* Task brief
Without including any images, please transcribe all the lines below exactly.

* Data block
------------------------------------------------

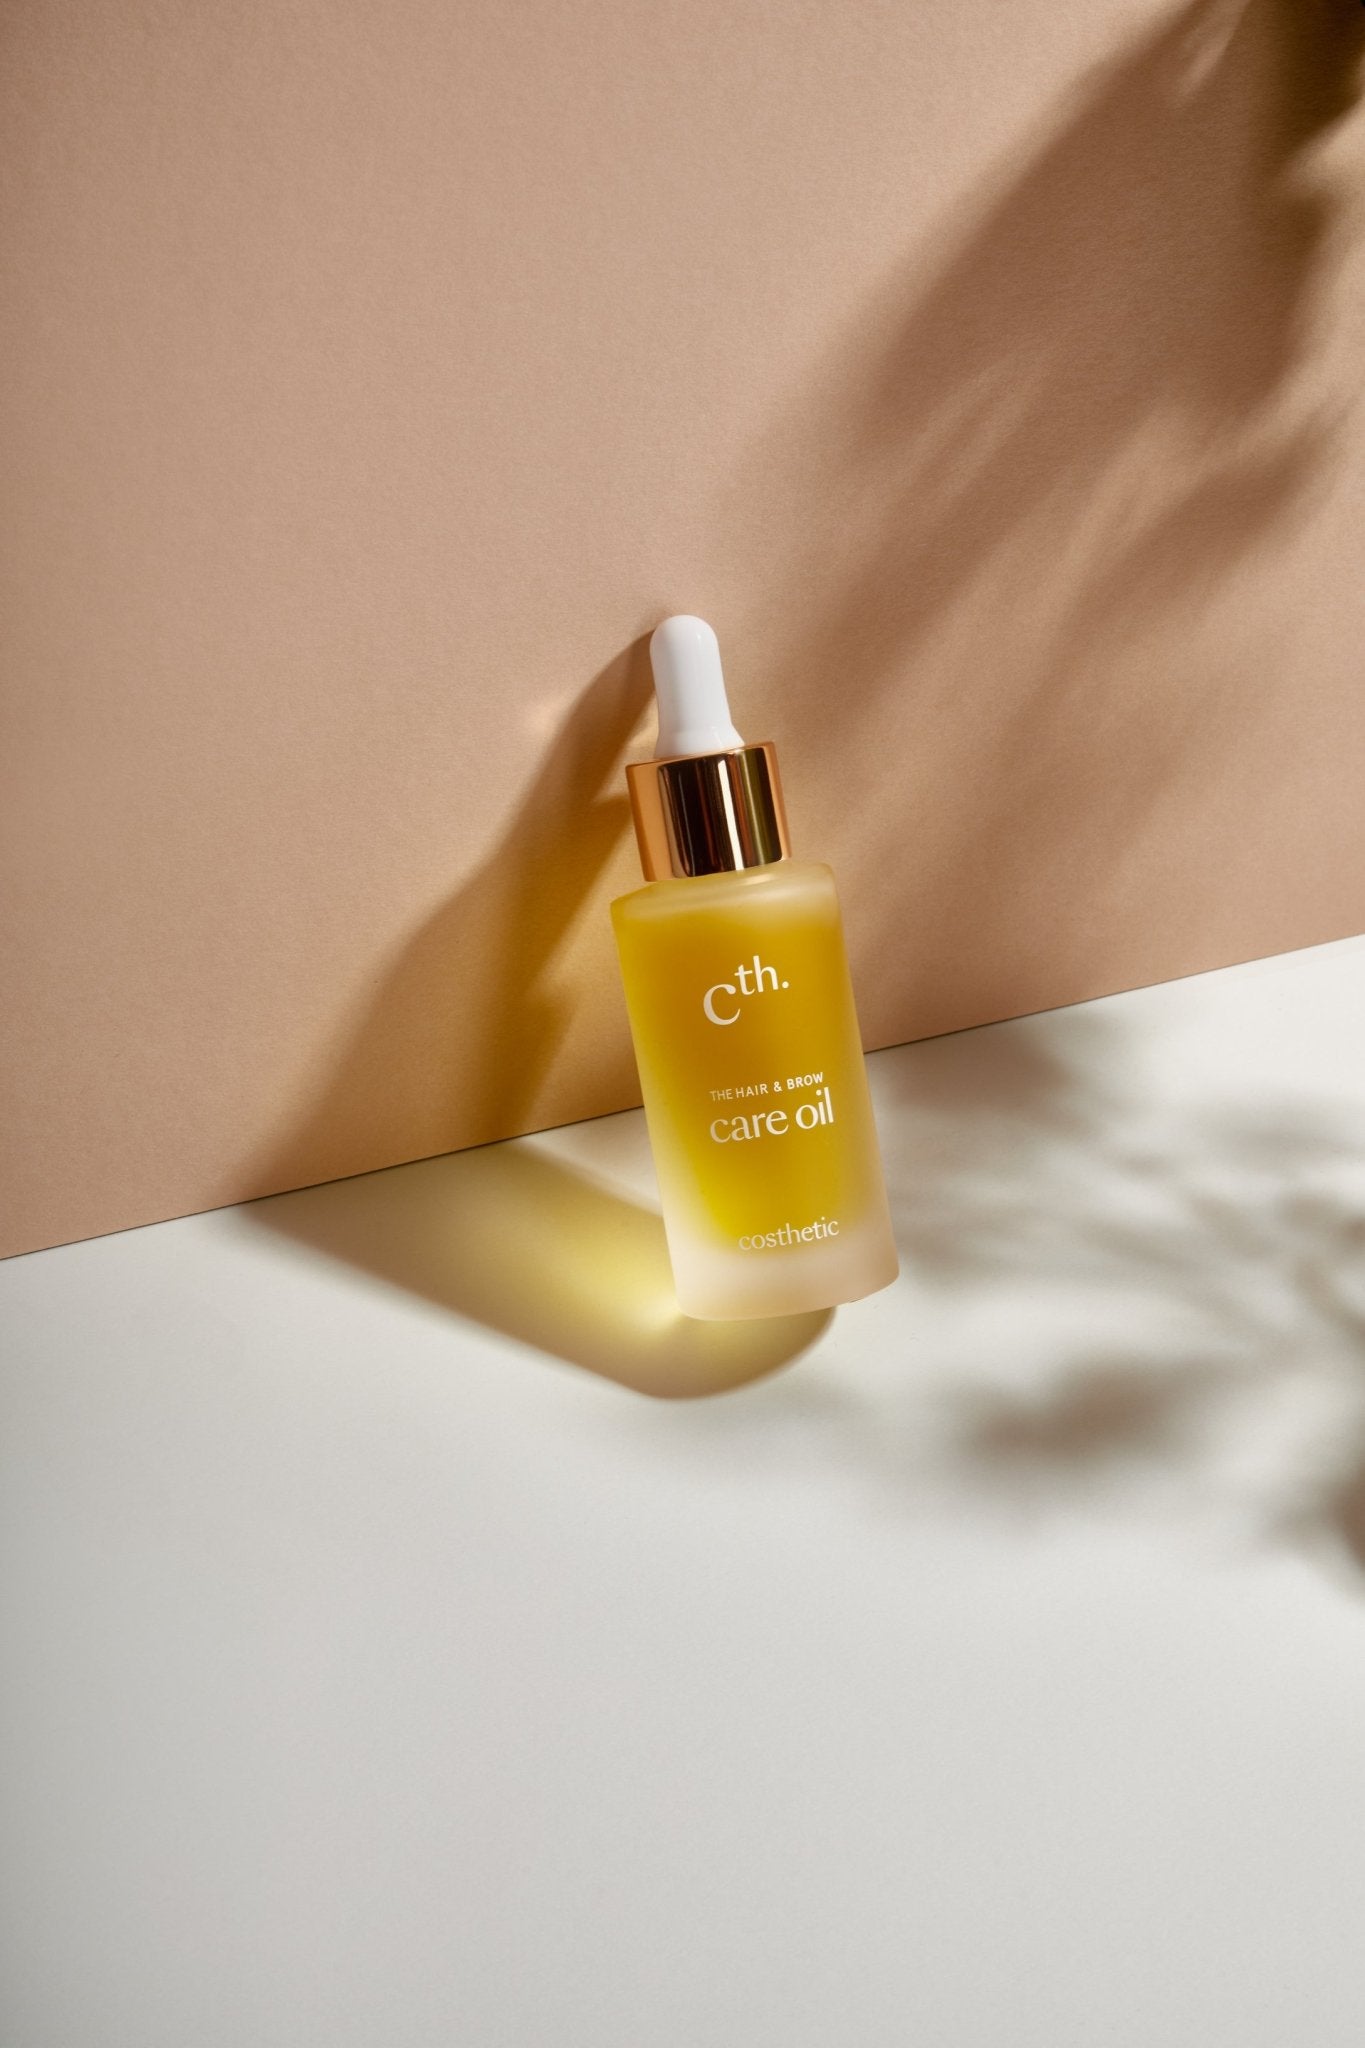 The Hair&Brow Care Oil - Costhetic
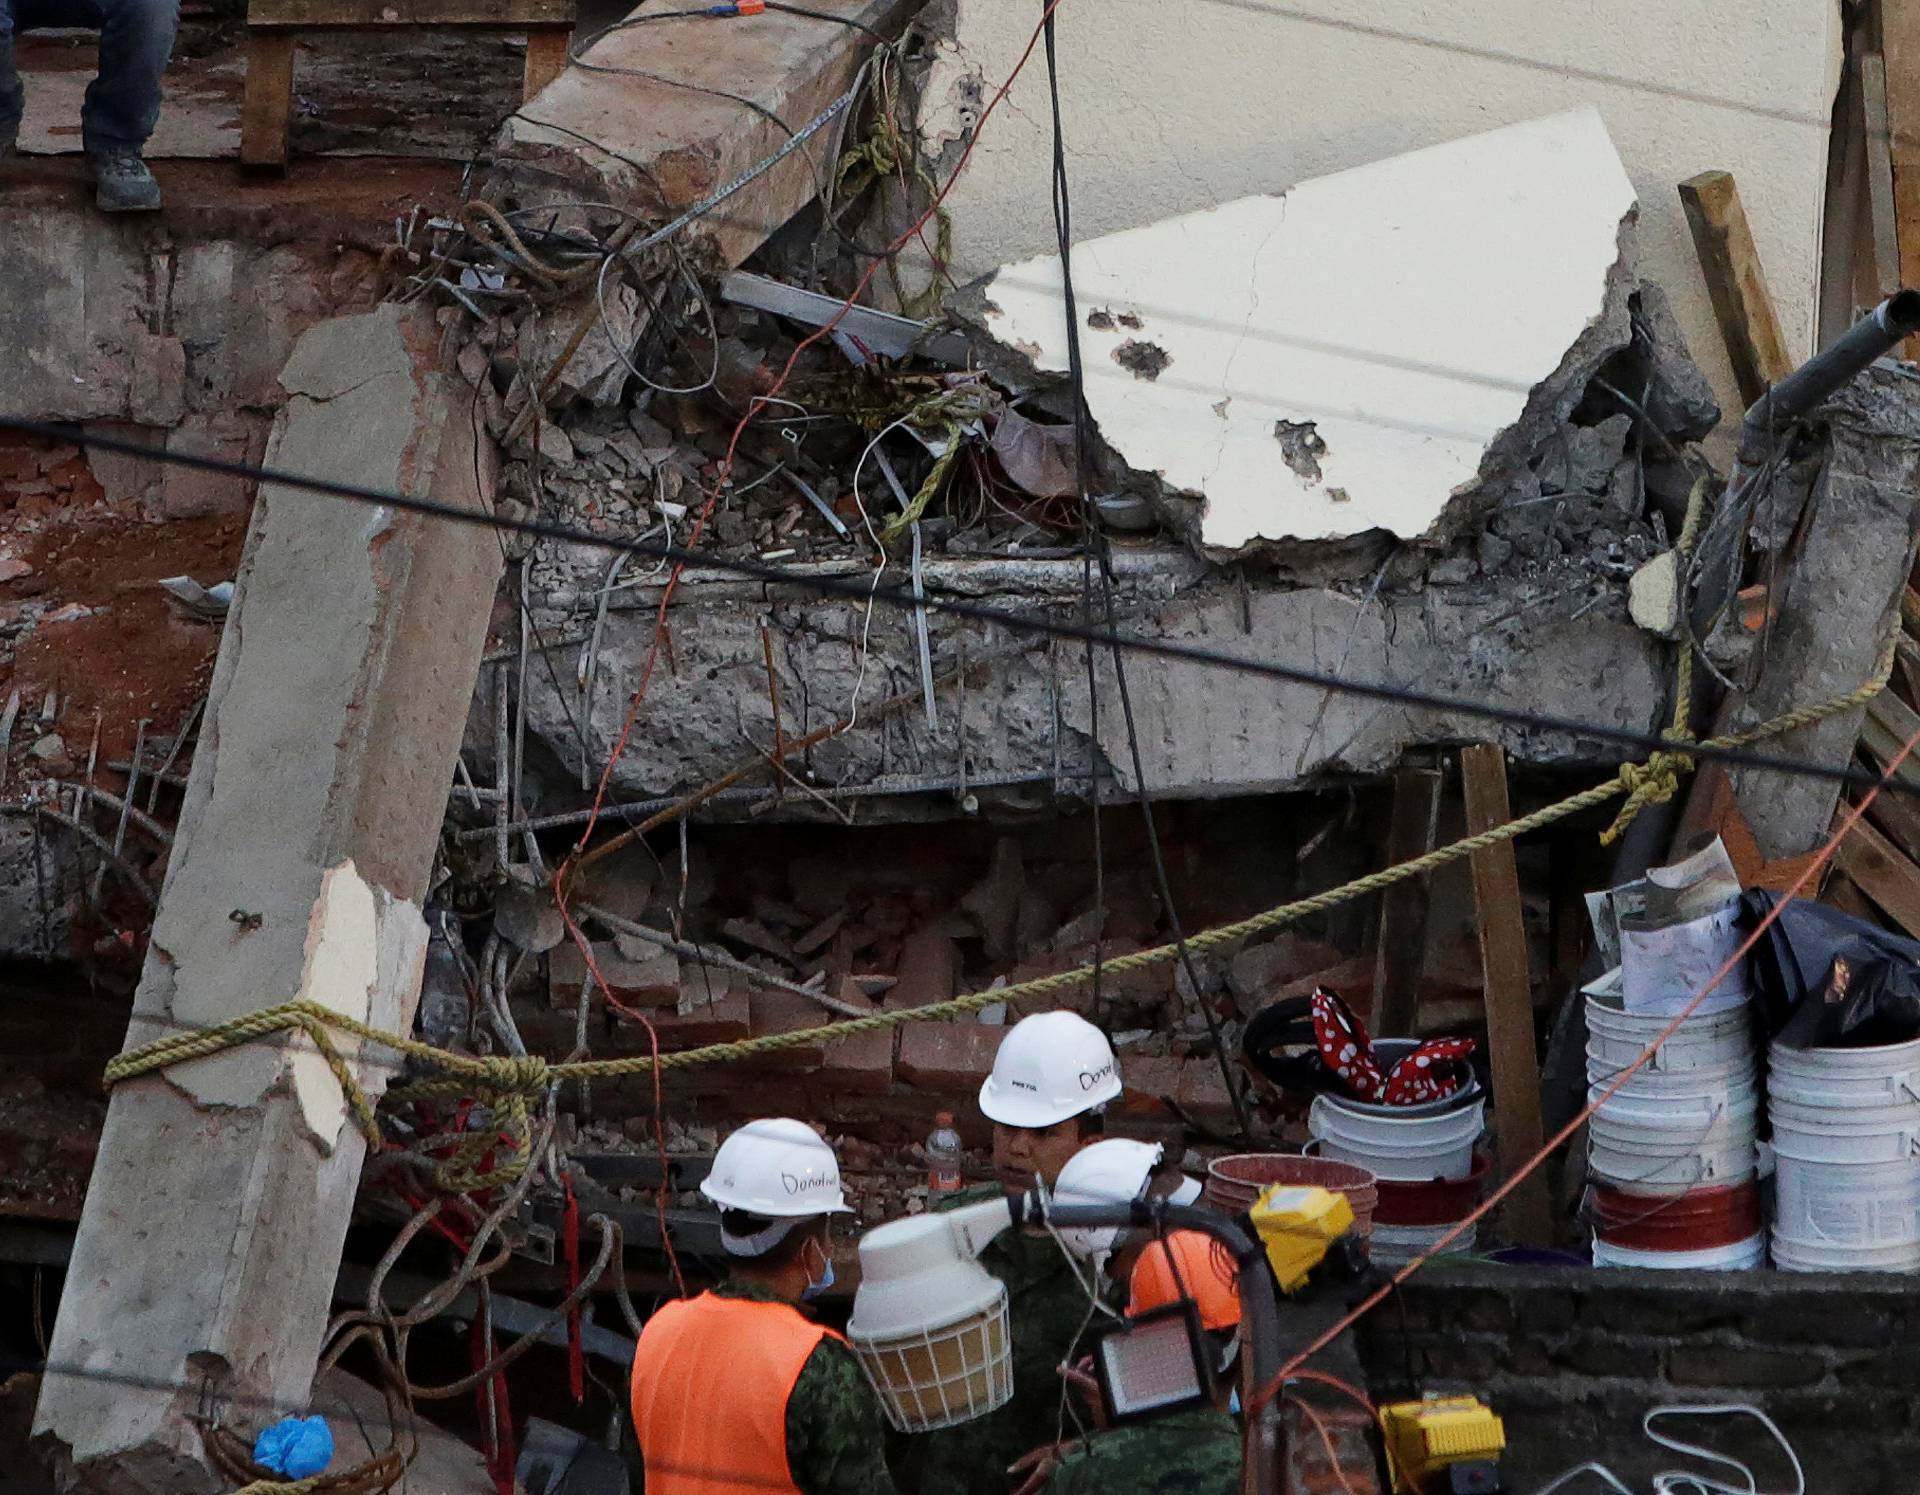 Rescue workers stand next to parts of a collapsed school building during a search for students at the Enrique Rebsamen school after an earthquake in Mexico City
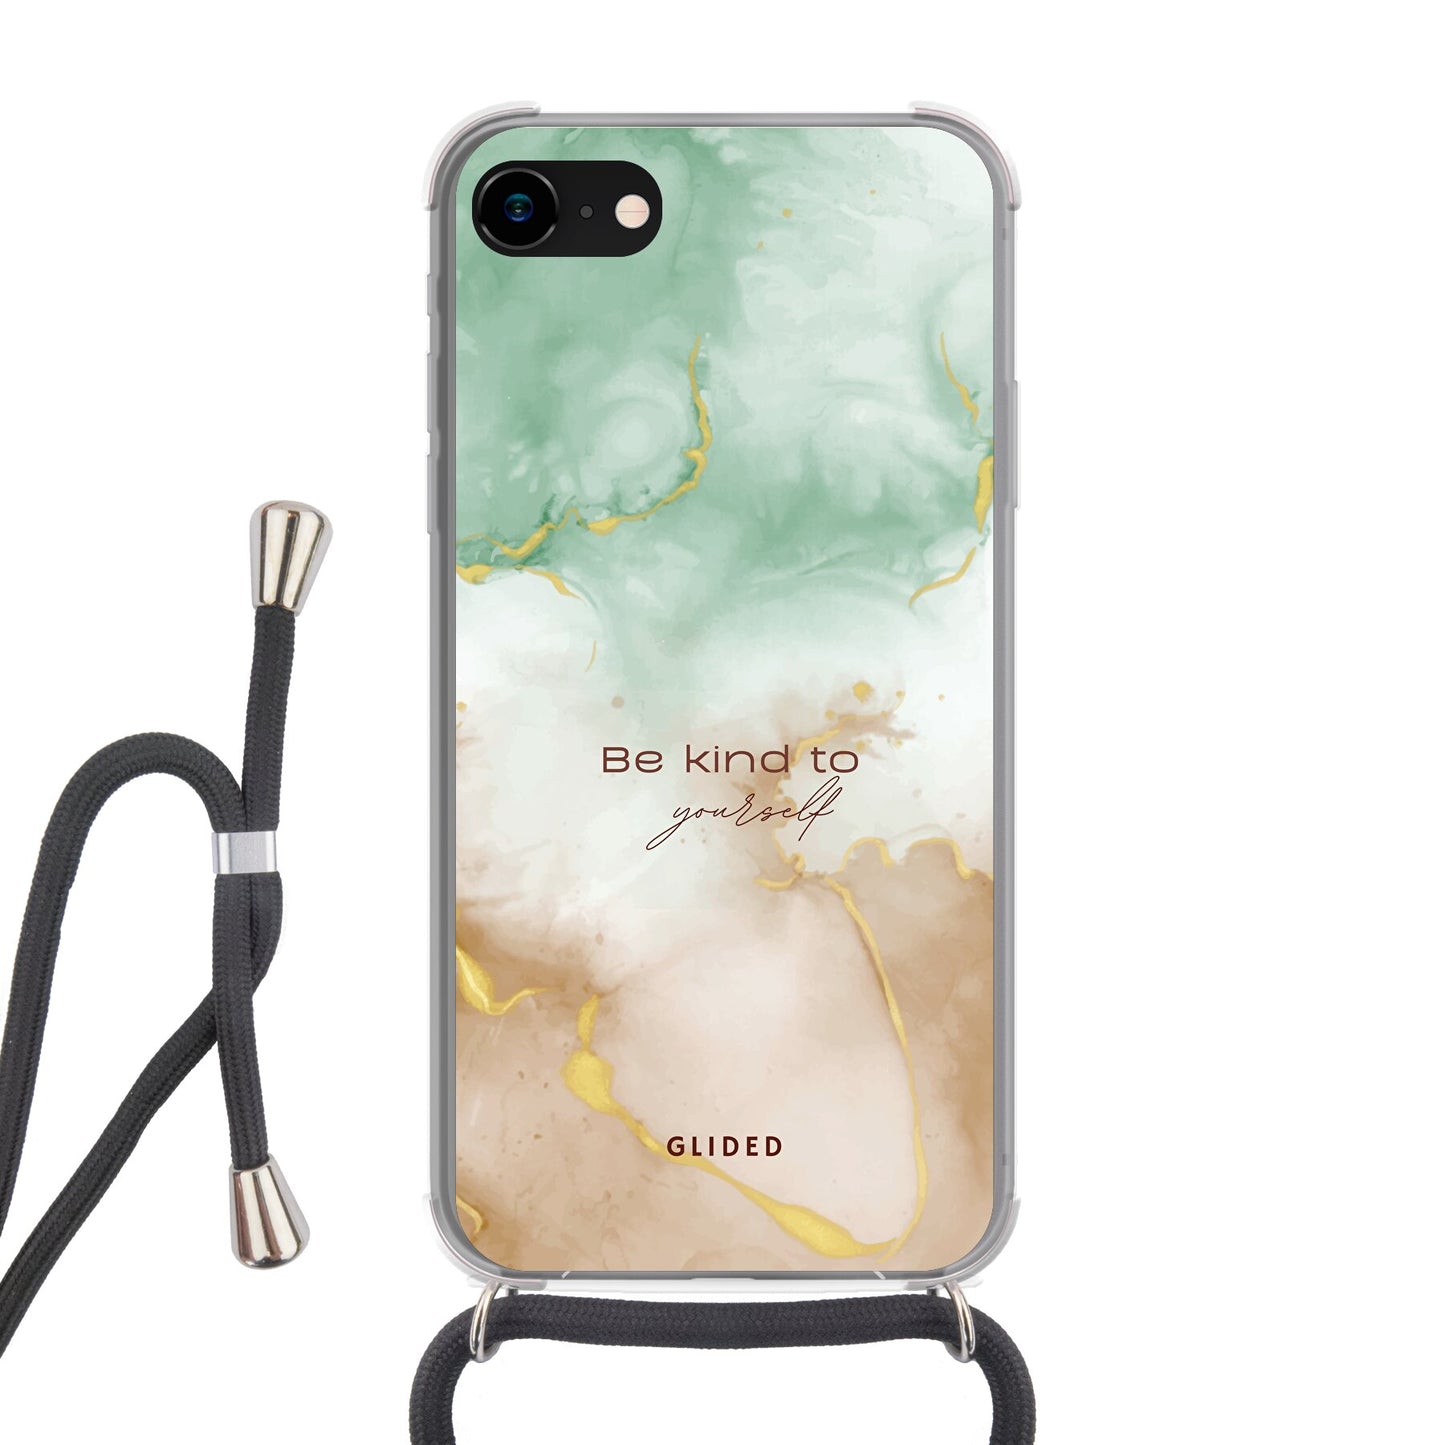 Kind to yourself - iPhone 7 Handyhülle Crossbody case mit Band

------------------------------------------------

* The completed task
 The Hair&Brow Care Oil - Costhetic
 Rescue workers stand next to parts of a collapsed school building during a search for students at the Enrique Rebsamen school after an earthquake in Mexico City
 Kind to yourself - iPhone 7 Handyhülle Crossbody case mit Band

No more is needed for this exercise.